В том же письме Бодлер изобразил самого себя небрежным (на зависть самому Гису) наброском, который, увидев его, забыть невозможно. «Тем не менее я, сказать по правде, дошел до того, что не решаюсь делать резких движений и даже много ходить из страха совсем разорвать мои лохмотья»{181}. Перед нами красивый, стройный мужчина, ступающий предельно осторожно, как будто связанный невидимыми путами. Это Бодлер в свои тридцать два года. Прохожим невдомек, что мысли его целиком заняты многочисленными дырами в одежде, «продуваемой ветром». Ни дать ни взять предшественник Бастера Китона, облаченный в редингот, медленно шествует по улицам Парижа.
«Материальным элементом, подкрепляющим духовную жизнь, в трагедии Расина служит человеческая общность, именуемая придворной жизнью, то есть концентрация ценностей, красоты и сути государства в уменьшенном пространстве вокруг короля; своего пика она достигла в первые двадцать лет правления Людовика XIV. Надо сказать, Париж как столица занимает в Европе девятнадцатого века то же место, какое в восемнадцатом веке занимал двор Людовика XIV»{182}. Париж — современный эквивалент Версаля: этим своим прозрением Альбер Тибоде предвосхитил заглавие Беньямина: «Париж — столица XIX столетия»; оно же служит основой глубокой общности Бодлера и Расина, которую мы ощущаем в дыхании их александрийского стиха, но не можем истолковать. С точки зрения Расина, наблюдение за человеческой природой следовало вести в пределах версальского двора, потому что это место, именно в силу его искусственности (присущей любому обрамлению), подчеркивало страсти, словно бы наводя на них мощное увеличительное стекло. Бодлер жил в Париже как придворный пленник Версаля. Все написанное им должно было пасть на благодатную, истерзанную почву — вот почему бегство от нее могло быть только иллюзорным.
Париж Бодлера — это обрамленный хаос. Главное — признать этот хаос разнонаправленных сил и форм, самым чудовищным из которых неизменно раскрывались объятия. Не менее важно, впрочем, и наличие рамы — приема разграничения, разделения. Ее метафизический смысл был хорошо понятен Бодлеру, наблюдавшему за тем, каким образом происходящее преломляется в глазу и в уме наблюдателя. Рама приложима и к картине, и к женщине (ее украшения становятся при этом средствами эротического притяжения), и к любому эпизоду жизни. В любом случае рама добавит к области ограничения «особенное что-то, / и миру новым кажется оно»[39]. В этом и заключается решающее действо, благодаря которому любая вещь выступает из окружающего бесформенного пространства и становится объектом рассмотрения, словно взятый в руку камень. Поэзию Бодлера можно представить в качестве tableau parisien[40], поскольку в ней мы всегда имеем дело с картинами, действующим элементом которых является рама, сообщающая полотну неуловимую энергию.

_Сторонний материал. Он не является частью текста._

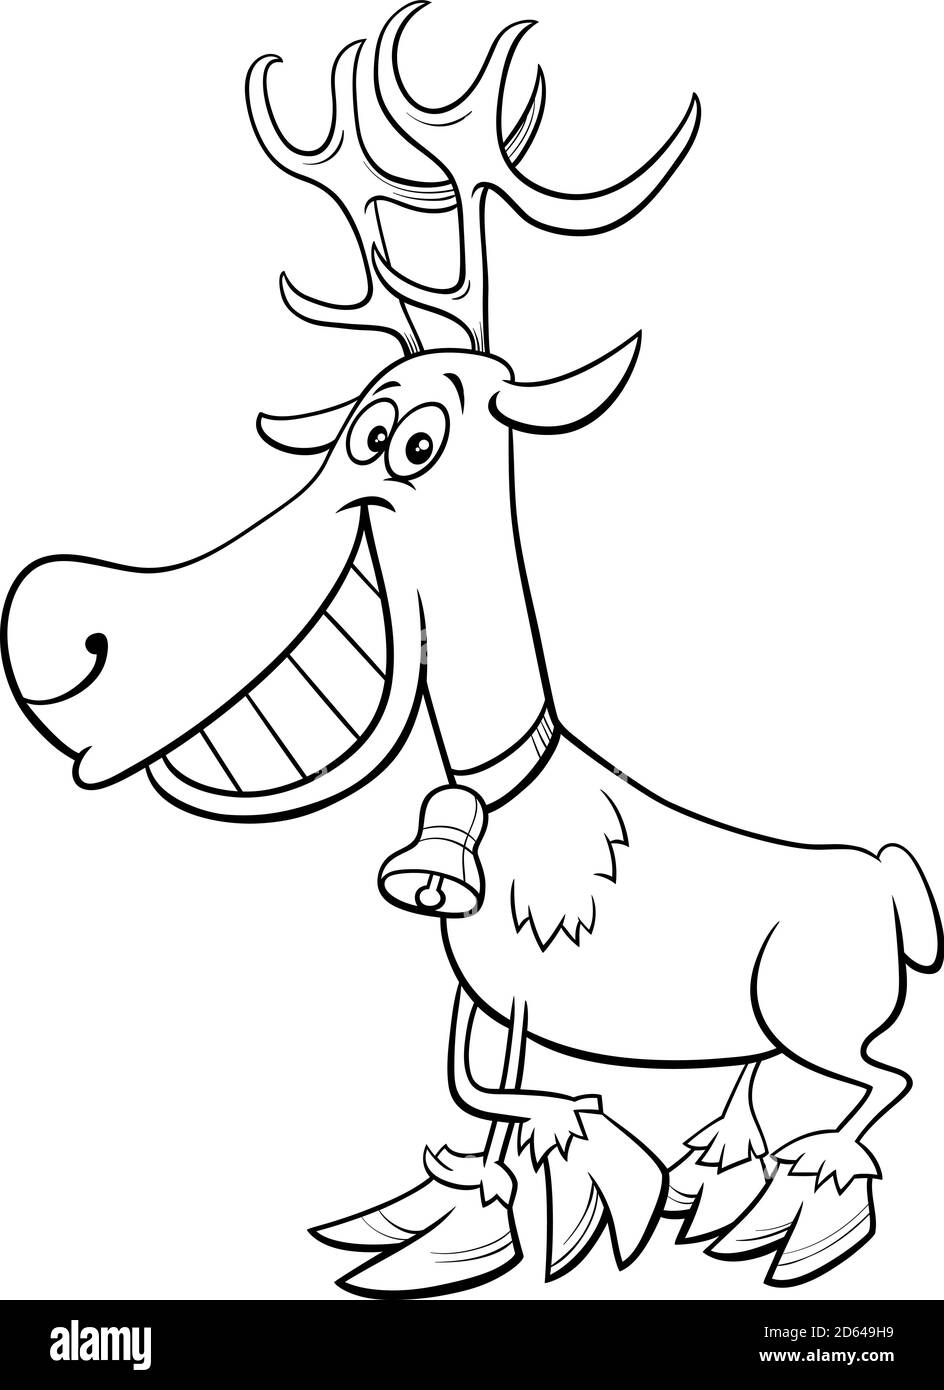 Black and White Cartoon Illustration of Christmas Reindeer Character Coloring Book Page Stock Vector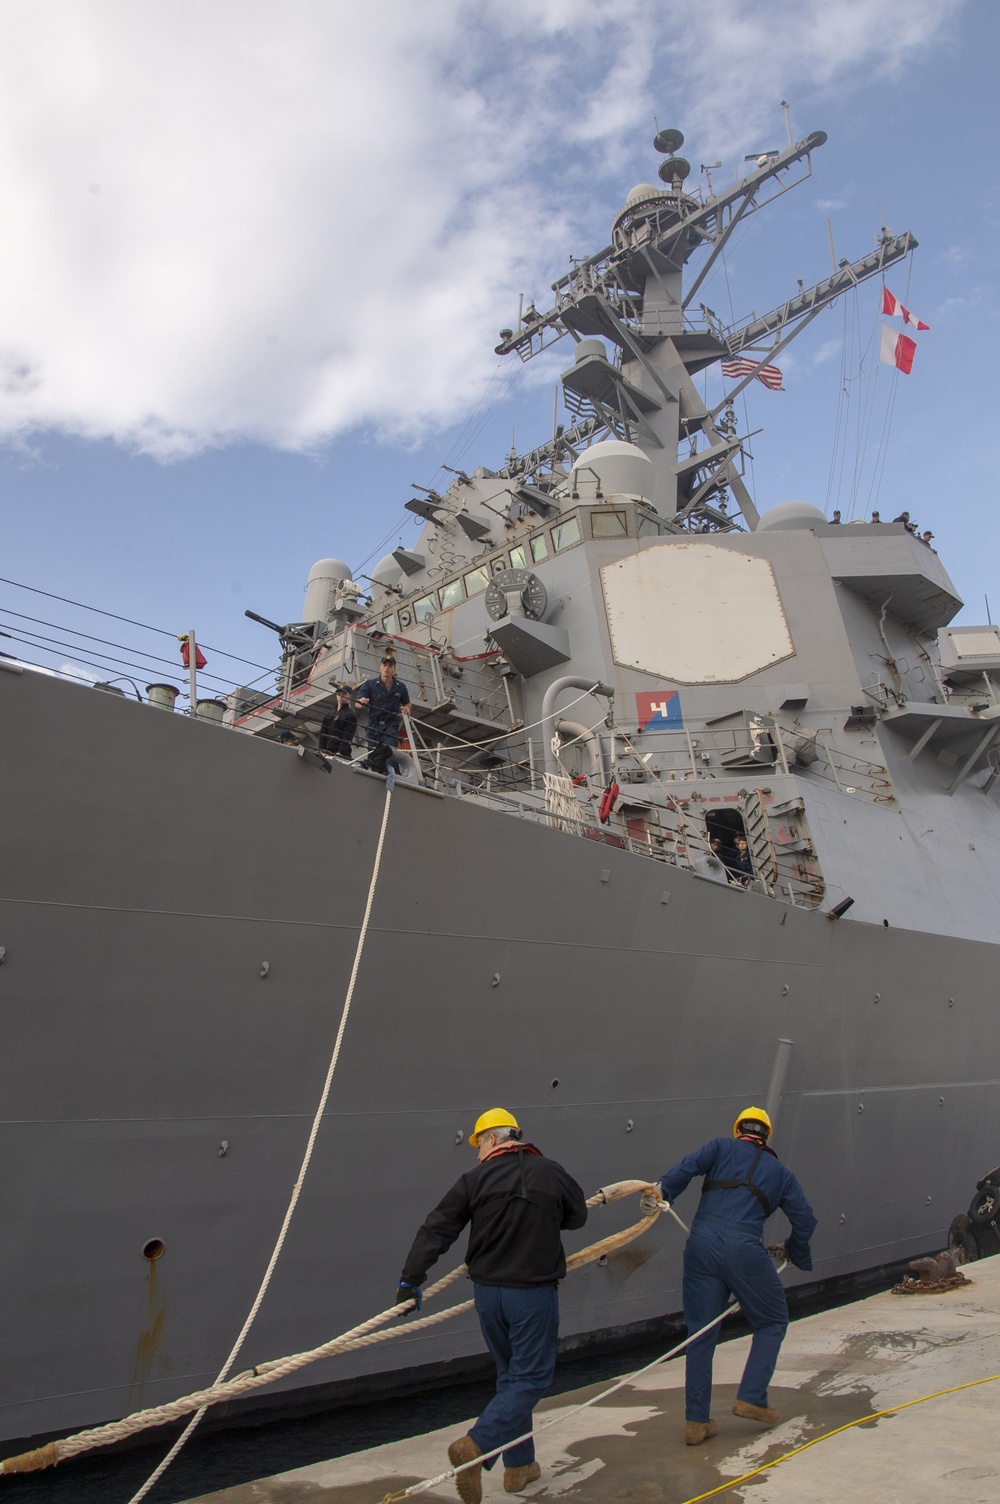 Naval Support Activity (NSA) Souda Bay port operations line handlers heave a mooring line as the Arleigh Burke-class guided-missile destroyer USS Ross (DDG 71) moors pierside at Souda Bay, Greece, April 12, 2019.

В пределах рамы происходит выделение элементов, их взаимодействие в иных сочетаниях. Так рождается новое. Само по себе изменение «формы города» распахивает бездну памяти, и та позволяет в одно мгновение оказаться рядом с плененной Андромахой, когда она, убитая печалью, созерцает реконструированную в миниатюре Трою в Бутротуме, месте бесплодных желаний, где «в залежах памяти спавшее, слово вспомнил я, Карусель обойдя до конца»[41]. Андромаха лишена пышных одеяний своего времени, коими было принято сопровождать имена, вызывая их из глубин истории; нет, она так же непосредственна, как «негритянка, больная чахоткой, сквозь туман, из трущобы, где слякоть и смрад, в свой кокосовый рай устремившая кроткий, по земле африканской тоскующий взгляд». Если эти великолепные стихи расположить, как здесь, в виде прозы, цельного высказывания, не разделенного даже заглавными буквами в начале каждой строки, они еще яснее раскроют то, что стоит позади обеих фигур: потерю, невосполнимую потерю, в полной мере осознать которую по силам лишь тому, кто бродит по большому городу. Никакая сцена, порожденная Матерью-природой, не смогла бы растревожить — равно как и облегчить — острую муку, не питающую надежд на исцеление.